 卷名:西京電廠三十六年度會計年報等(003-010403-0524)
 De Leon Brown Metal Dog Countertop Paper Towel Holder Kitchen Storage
---
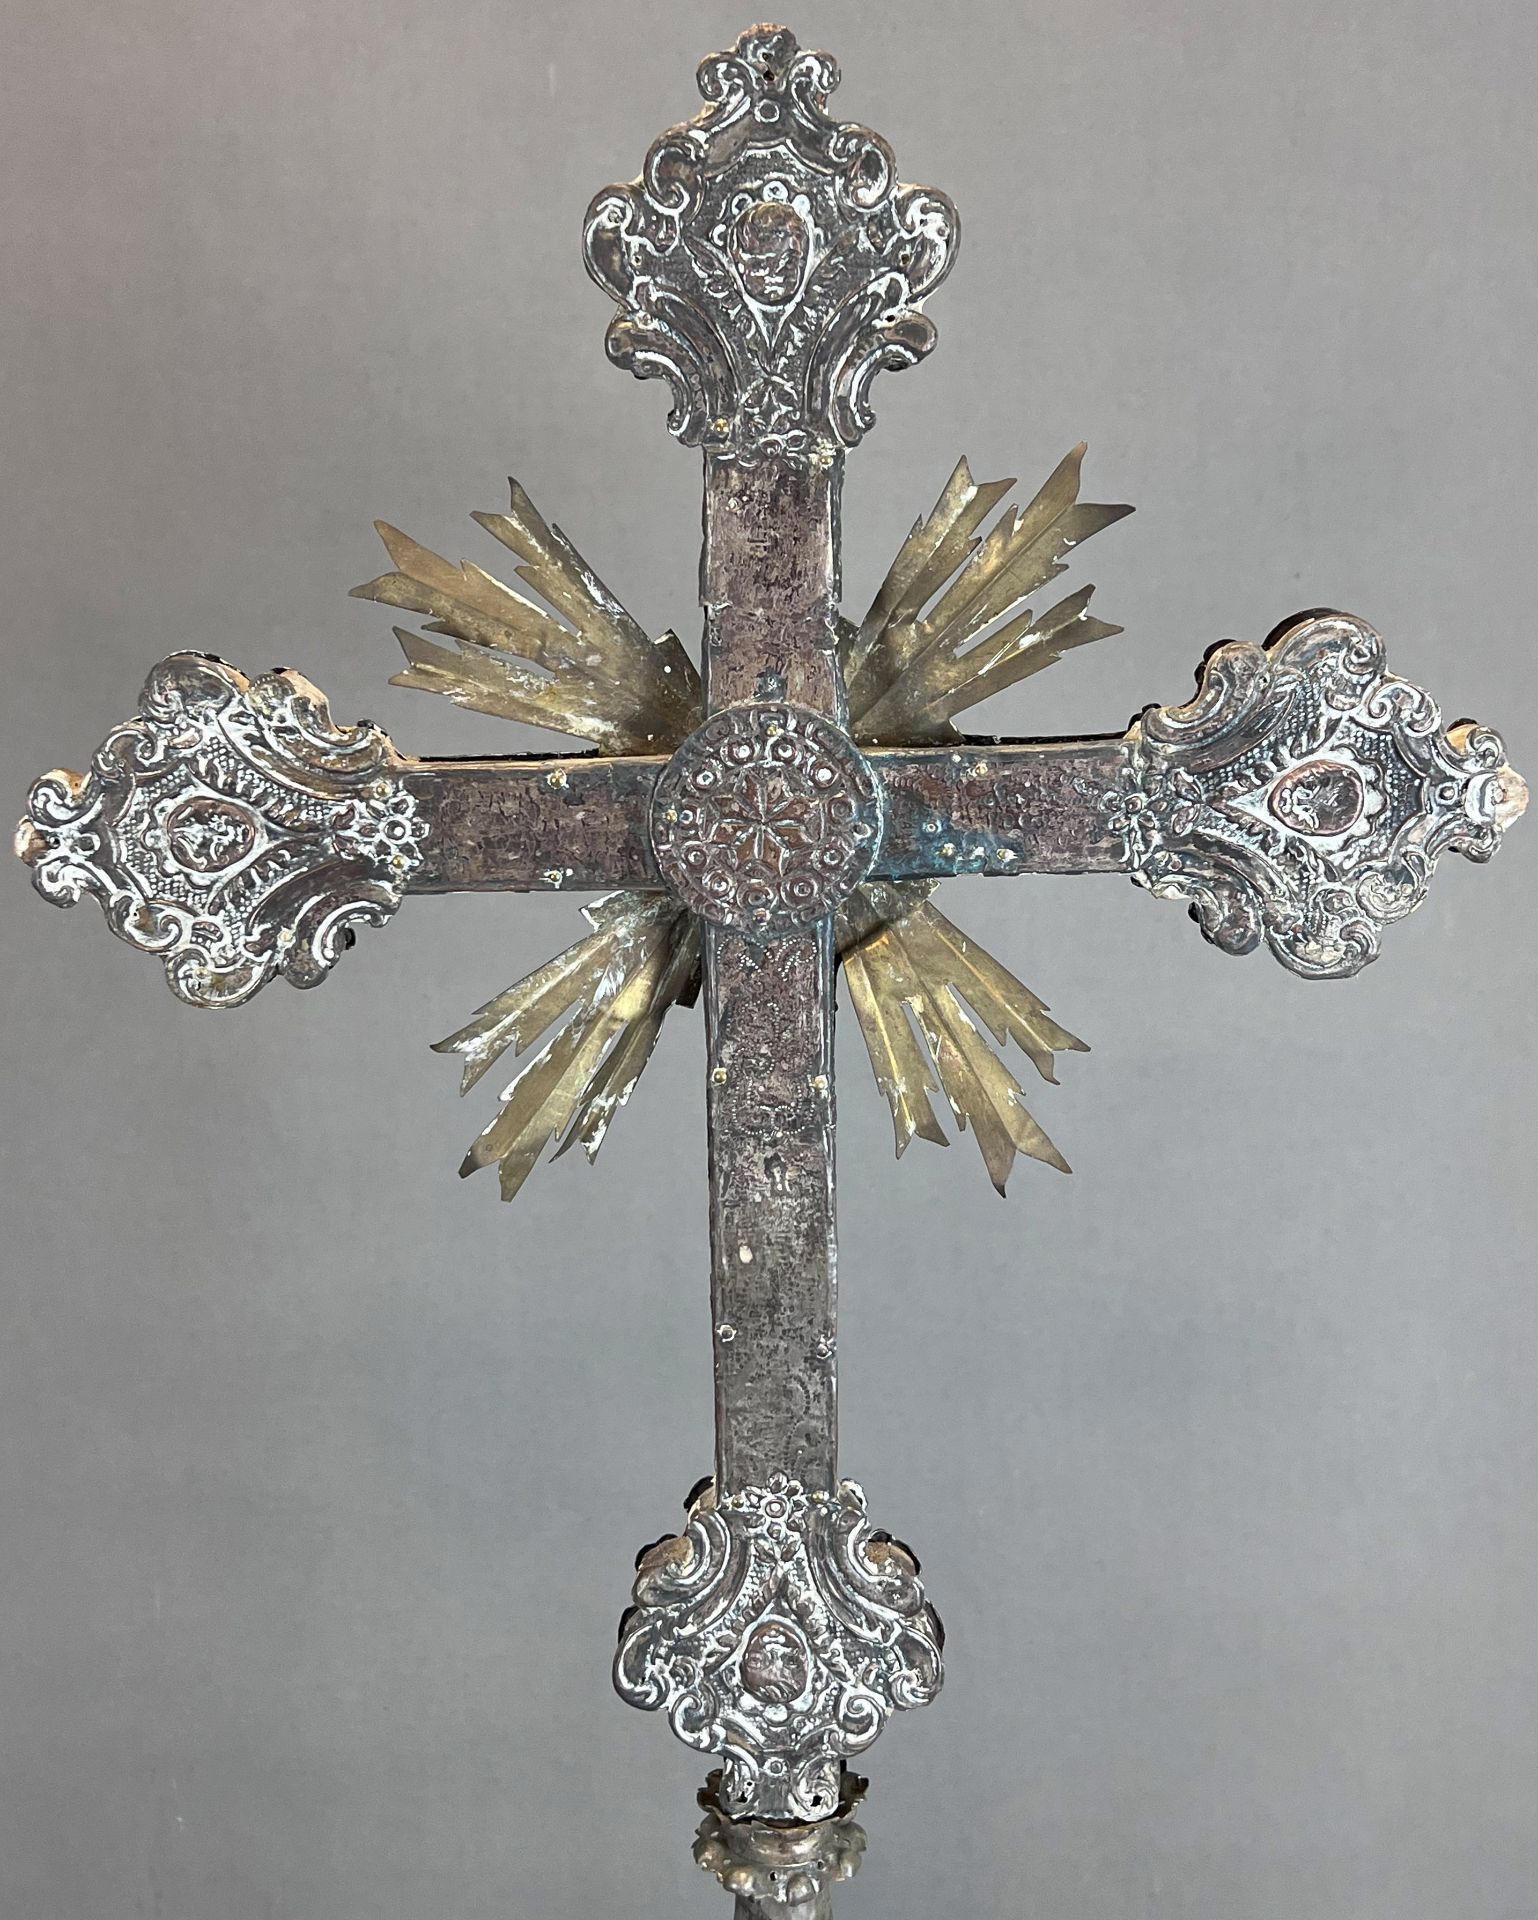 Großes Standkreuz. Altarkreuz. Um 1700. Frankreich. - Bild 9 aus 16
---
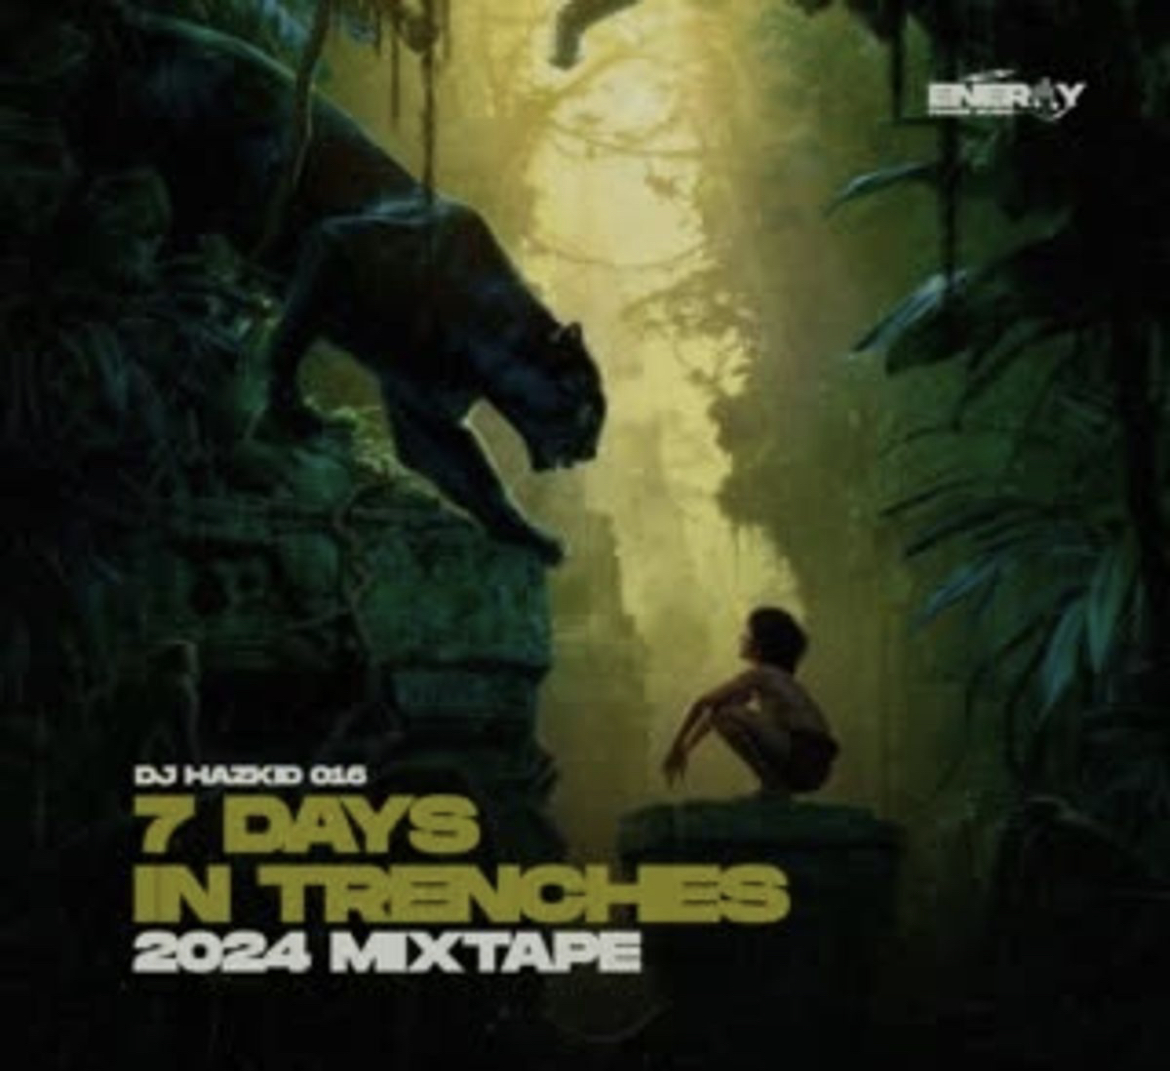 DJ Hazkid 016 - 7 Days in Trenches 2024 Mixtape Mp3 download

#### Work to complete
Going down the listing above, begin printing at the line with "卷名:西京電廠三十六年度會計年報等(003-010403-0524)" and finish with the line with "De Leon Brown", exactly as they appear.

#### Exercise response
 卷名:西京電廠三十六年度會計年報等(003-010403-0524)
 De Leon Brown Metal Dog Countertop Paper Towel Holder Kitchen Storage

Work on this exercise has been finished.